How to complete this task: Everything from the line containing "falkenberg sverige kart Falkenberg" through the end of the entries should be transcribed exactly. Leave out all other lines.

Input material:
++++++++++
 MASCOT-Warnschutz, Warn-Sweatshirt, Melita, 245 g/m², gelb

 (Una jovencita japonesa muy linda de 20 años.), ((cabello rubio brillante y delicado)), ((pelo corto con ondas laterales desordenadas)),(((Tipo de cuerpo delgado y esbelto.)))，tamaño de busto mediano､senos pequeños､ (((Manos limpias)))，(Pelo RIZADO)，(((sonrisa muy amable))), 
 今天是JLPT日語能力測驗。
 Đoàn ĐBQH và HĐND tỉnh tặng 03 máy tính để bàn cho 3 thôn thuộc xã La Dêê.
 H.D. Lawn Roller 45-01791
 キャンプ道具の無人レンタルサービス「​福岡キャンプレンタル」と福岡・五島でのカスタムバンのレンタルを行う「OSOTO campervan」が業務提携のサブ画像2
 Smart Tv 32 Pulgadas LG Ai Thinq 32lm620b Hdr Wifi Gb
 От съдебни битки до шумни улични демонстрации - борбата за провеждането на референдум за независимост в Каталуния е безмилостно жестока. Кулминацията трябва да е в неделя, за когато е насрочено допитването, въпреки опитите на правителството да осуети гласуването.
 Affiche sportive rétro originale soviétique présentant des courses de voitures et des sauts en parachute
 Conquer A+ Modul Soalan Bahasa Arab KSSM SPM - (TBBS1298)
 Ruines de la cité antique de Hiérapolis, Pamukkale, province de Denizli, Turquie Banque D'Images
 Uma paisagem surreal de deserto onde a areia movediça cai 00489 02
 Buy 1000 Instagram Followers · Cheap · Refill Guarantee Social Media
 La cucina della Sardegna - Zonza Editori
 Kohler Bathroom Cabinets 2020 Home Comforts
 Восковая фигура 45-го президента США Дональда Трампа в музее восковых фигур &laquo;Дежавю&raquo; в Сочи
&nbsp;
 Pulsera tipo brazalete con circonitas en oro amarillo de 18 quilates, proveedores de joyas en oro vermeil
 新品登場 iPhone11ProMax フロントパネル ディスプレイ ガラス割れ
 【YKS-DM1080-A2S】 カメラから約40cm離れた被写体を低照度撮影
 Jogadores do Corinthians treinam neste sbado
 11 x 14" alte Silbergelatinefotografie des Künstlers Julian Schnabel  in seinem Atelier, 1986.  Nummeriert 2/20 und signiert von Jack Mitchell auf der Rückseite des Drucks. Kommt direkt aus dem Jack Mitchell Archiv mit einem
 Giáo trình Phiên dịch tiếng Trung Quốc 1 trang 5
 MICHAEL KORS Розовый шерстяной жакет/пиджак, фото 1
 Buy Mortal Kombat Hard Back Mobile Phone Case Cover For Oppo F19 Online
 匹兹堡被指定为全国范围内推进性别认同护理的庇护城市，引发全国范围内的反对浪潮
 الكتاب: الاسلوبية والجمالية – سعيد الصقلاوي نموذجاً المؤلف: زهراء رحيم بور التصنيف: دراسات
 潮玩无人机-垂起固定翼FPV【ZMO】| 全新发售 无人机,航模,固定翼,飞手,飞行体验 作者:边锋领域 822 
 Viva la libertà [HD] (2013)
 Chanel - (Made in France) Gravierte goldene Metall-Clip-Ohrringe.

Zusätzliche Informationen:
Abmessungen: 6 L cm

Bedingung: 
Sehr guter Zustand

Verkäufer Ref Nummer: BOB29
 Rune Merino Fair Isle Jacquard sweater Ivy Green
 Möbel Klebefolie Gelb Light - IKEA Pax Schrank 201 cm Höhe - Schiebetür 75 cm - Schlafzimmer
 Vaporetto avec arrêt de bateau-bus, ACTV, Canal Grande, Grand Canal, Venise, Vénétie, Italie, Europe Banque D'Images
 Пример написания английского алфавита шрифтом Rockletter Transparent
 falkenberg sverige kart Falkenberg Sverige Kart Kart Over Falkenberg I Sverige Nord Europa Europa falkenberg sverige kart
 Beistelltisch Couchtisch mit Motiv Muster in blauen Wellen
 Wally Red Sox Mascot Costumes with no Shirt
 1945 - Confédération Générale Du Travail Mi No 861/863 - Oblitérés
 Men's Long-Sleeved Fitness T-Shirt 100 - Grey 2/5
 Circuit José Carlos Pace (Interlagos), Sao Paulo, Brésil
++++++++++
Reply:
 falkenberg sverige kart Falkenberg Sverige Kart Kart Over Falkenberg I Sverige Nord Europa Europa falkenberg sverige kart
 Beistelltisch Couchtisch mit Motiv Muster in blauen Wellen
 Wally Red Sox Mascot Costumes with no Shirt
 1945 - Confédération Générale Du Travail Mi No 861/863 - Oblitérés
 Men's Long-Sleeved Fitness T-Shirt 100 - Grey 2/5
 Circuit José Carlos Pace (Interlagos), Sao Paulo, Brésil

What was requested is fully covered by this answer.